Rough-and-tumble socializing


At the University of Maine, educators abandoned futile attempts to ban "bad guys" from preschool classroom play and experimented not only with letting villainy return to children's games, but also having teachers agree to play the bad guy. "Over time, we became convinced that children's pretending to act aggressively is not the same as acting aggressively," the study concluded. "Convinced that children could in fact develop social and cognitive skills through such play, we made a conscious decision not to stop play with aggressive themes."

"Children know right away which is playing and which is fighting," says Mary Ellin Logue, an associate professor of early childhood education who co-wrote the study. "Adults had a less accurate assessment."

What adults perceive as aggression is really rough-and-tumble play that exists cross-species and cross-culture, she told Yahoo.

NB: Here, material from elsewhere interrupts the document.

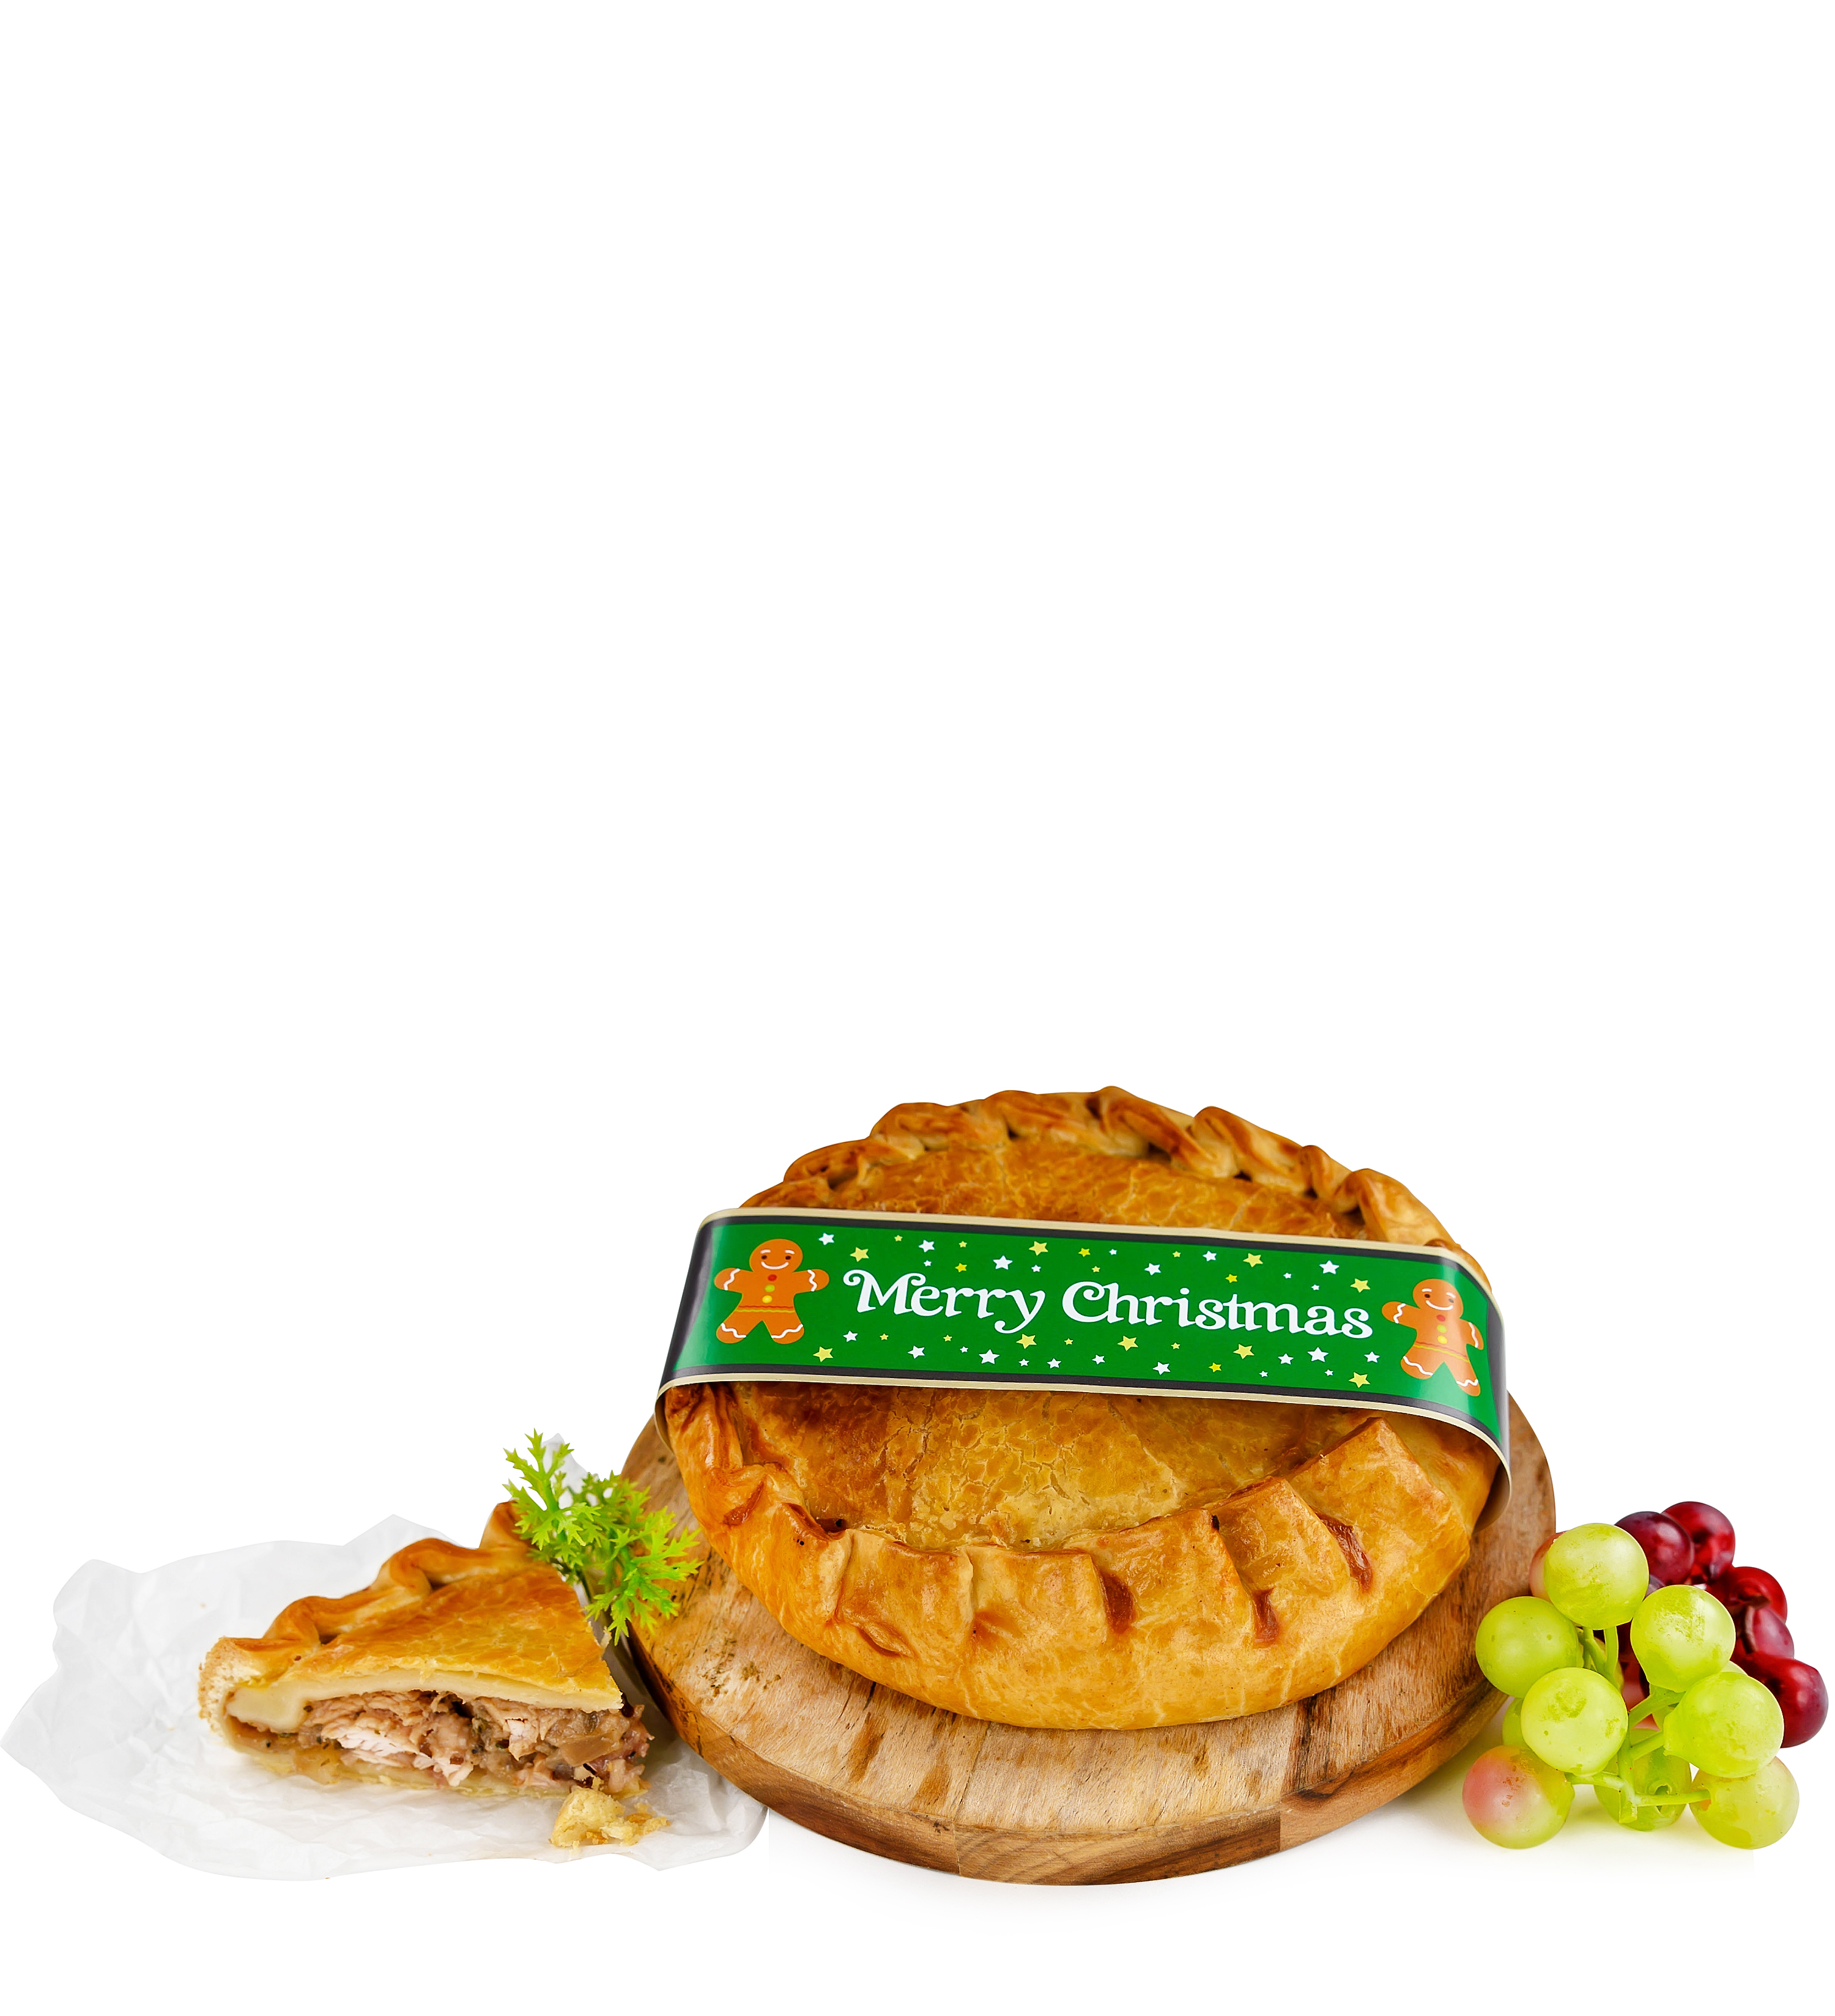 Christmas Family Pie - Christmas Pies - Pie Delivery - Pie Gifts - Pie Hampers - Pastry Gifts - Pastry Gift Delivery - Christmas Pie Delivery
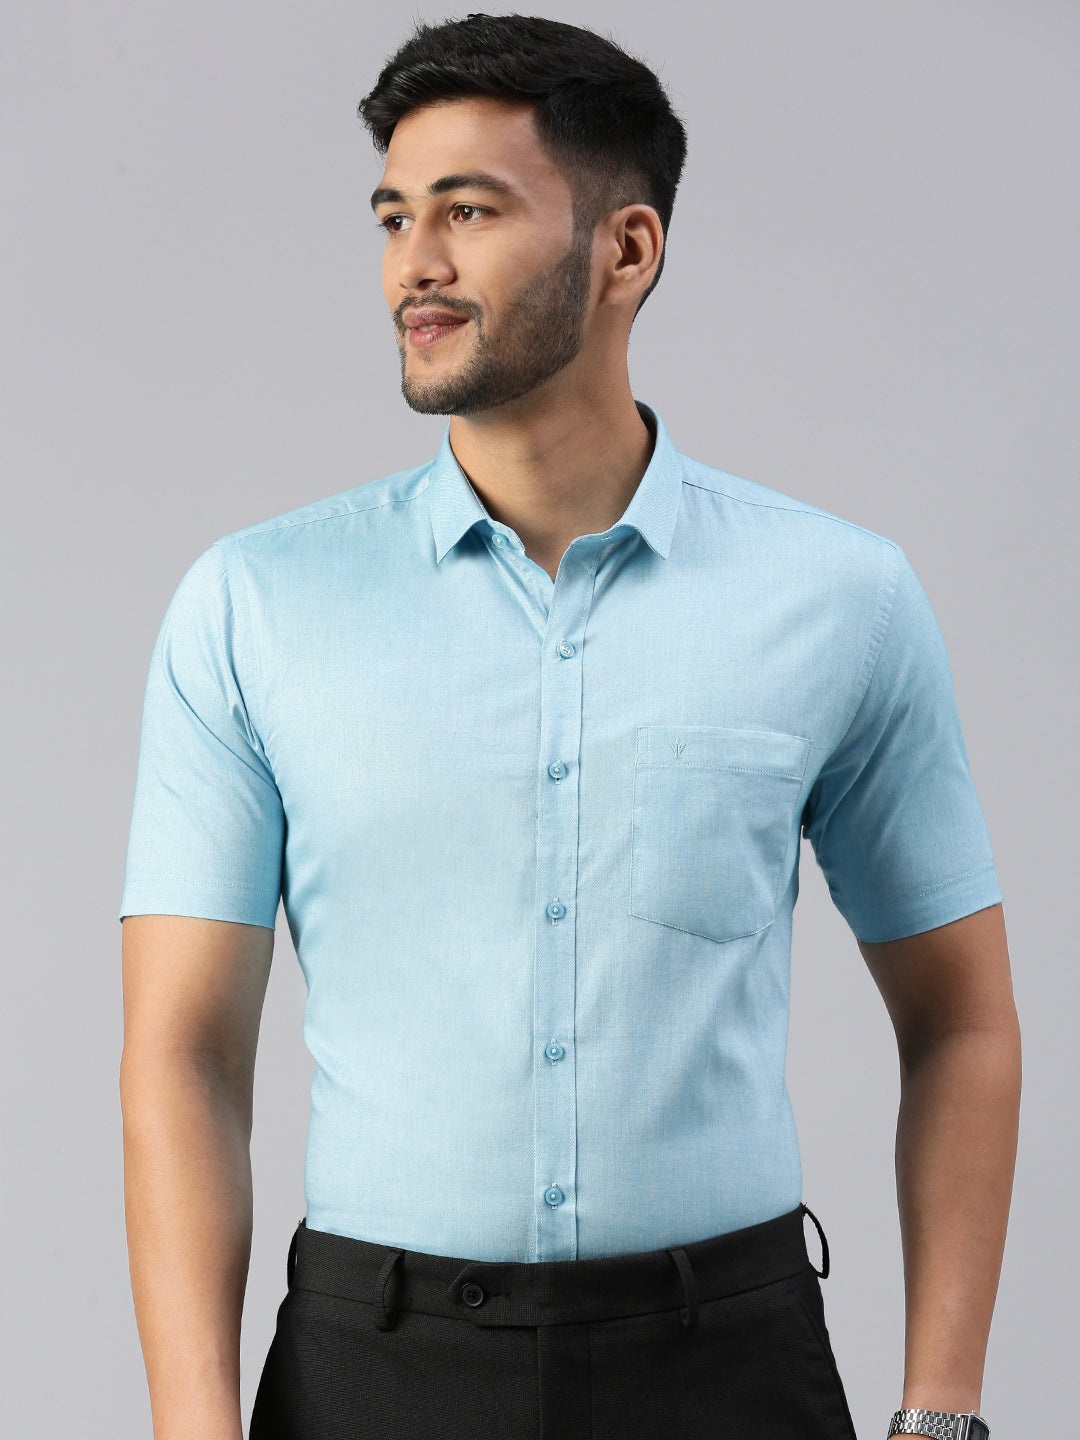 Buy Men's Plain Colour shirts Online, Best Mens Plain Shirts, Half Sleeve/Full  Sleeve Colour Shirts for Men

Nor is it kids acting up, but playing through concepts of rules, cooperation and socialization. These games can actually expose children with poor coping skills, who attribute hostility where there's none. "Those are the children who are likely to escalate into violence," she says, and they can be spotted. "The research is about 1 percent of that play escalates into violence. We're making our policies for 99 percent based on 1 percent."

Conversely, suppressing play just backfires. Children will call their imaginary gun a firehose and retreat to the other end of the playground. "They get sneaky," Logue says—not the lesson children should learn.

Adult pressures on children
There is one indisputable statistic: 100 percent of all adults were once children. That hasn't made understanding the creatures we once were any easier. "It's amazing to me, in working with parents or other people that have to deal with children, how repressed those memories become—in terms of people not able to reach back and remember what they were like as adolescents and children," Brody says. He sees disproportionate punishments as administrators yielding to concerned parents, rather than advocating for the child. "Sometimes the people making the decisions aren't real experts in terms of child development."

As a longtime teacher, Katch has seen a decided shift in how adults view children at play. "I have no question that there's been a huge change," she says. Katch remembers her post-World War II childhood, when she and other children pretended to be soldiers and folk hero Davy Crockett and shot cap guns. Then came the 1999 massacre at Columbine High School. "That was when people started to get worried about children pretending what they've always been pretending." At the same time that children have become inundated with violent images in news, television and video games, adults have begun to criticize children for playing out what they see around them.

"We flood them with too much information, and we don't want them to play about it," Katch says. "And playing about it is how they deal with things."

Society has become far more complicated, and the complications get carried into the school system: We're a time-crunched generation whose extended families have dissipated. Children's schedules have become more structured, recess has been cut, and play has been perceived as less useful than reading and writing by the time they're in first grade.

"We've had more and more pressure put on young children," Katch says. "They can't play anymore in kindergarten; they can't learn how to get along with lessons that will last a lifetime." The other startling trend she sees is the amount of anxiety in children. "It's my personal opinion, the kids who were born around the time of the World Trade Center [attack] are anxious, and it's a much, much different level of anxiety than I've seen before."

"If you look really closely at the children's play, in most cases they're trying to be good. They're trying to protect, and be powerful and masterful and they're using the tool of their culture to do that," Logue says "Sure, it would be great if they just played with nonlethal fingers, but it's a symbol and what they mean and what they intend—we don't talk to them about it. We don't join that play."